---- Listed entries
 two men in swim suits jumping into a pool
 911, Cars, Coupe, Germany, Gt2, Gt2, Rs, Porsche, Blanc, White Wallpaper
--------
---- Listed entries
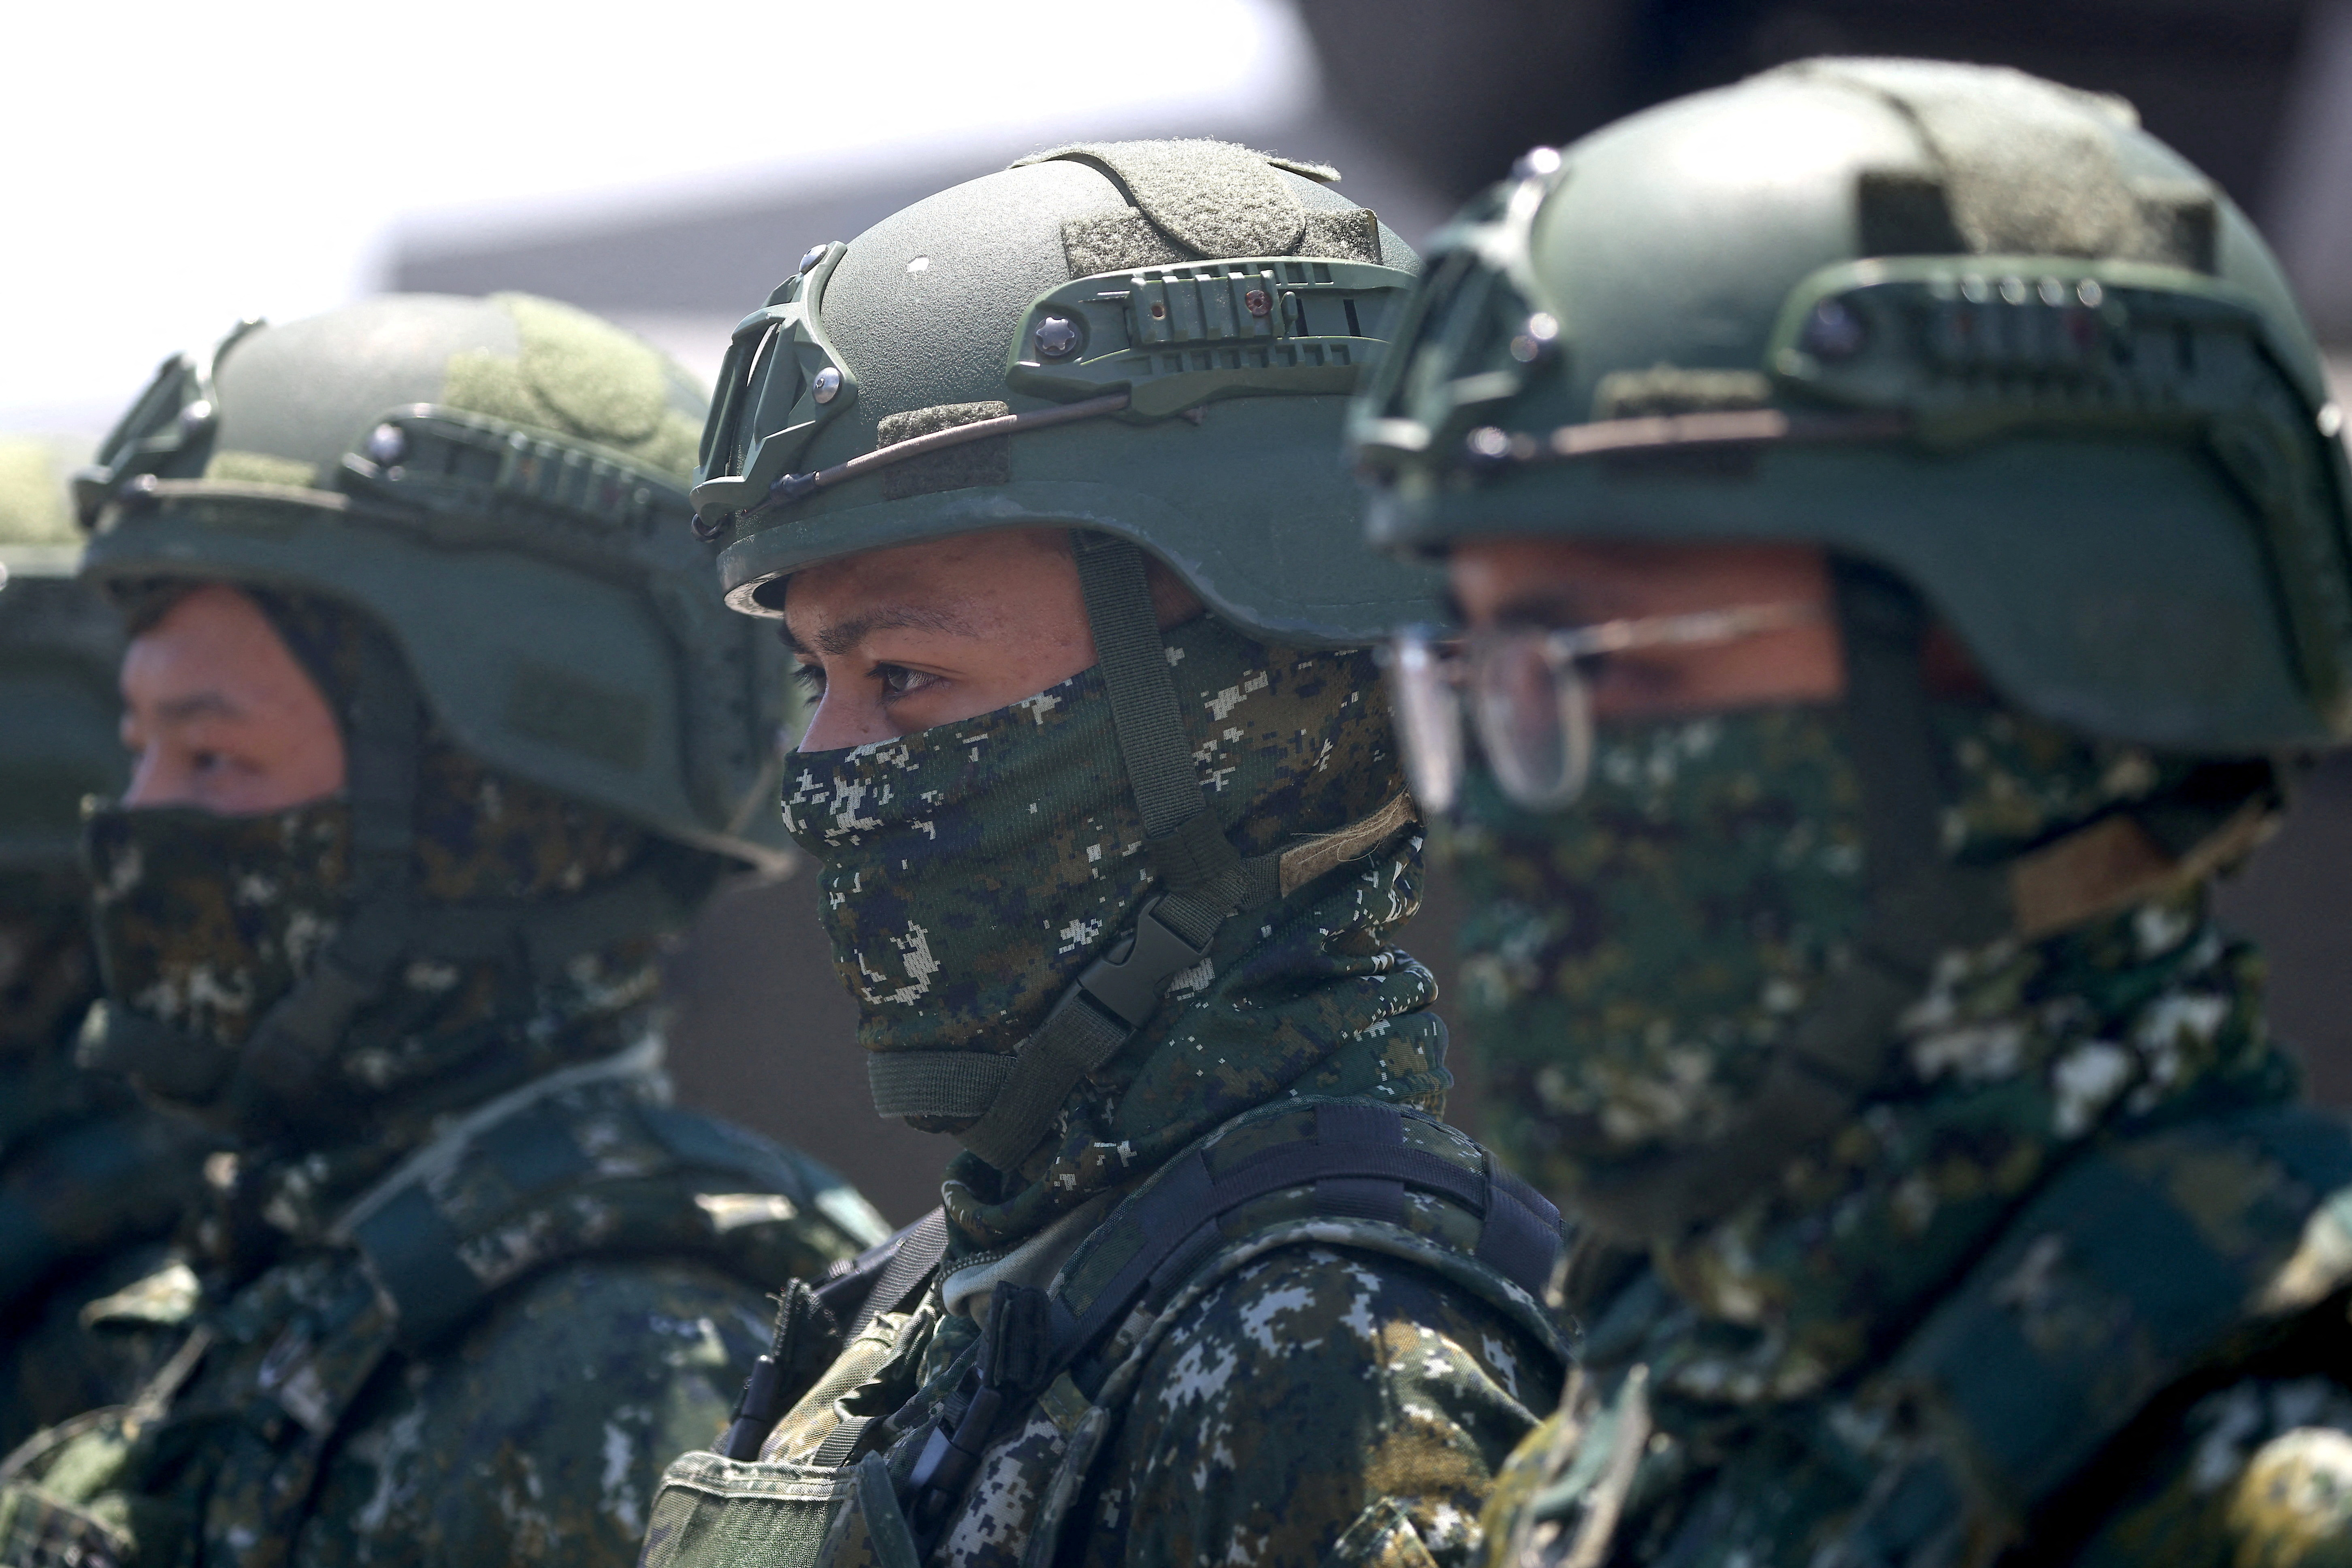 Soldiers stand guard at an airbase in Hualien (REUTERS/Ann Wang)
--------
---- Listed entries
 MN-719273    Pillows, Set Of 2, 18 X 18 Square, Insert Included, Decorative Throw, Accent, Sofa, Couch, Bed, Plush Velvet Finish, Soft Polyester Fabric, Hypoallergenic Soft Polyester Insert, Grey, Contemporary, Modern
--------
▶ Description of the task
From the entries above, print the lines beginning at the one with "two men in swim suits jumping into a pool" and stopping after the one with "911, Cars, Coupe, Germany, Gt2, Gt2, Rs, Porsche, Blanc, White", exactly as written and with nothing else.

▶ Your response
 two men in swim suits jumping into a pool
 911, Cars, Coupe, Germany, Gt2, Gt2, Rs, Porsche, Blanc, White Wallpaper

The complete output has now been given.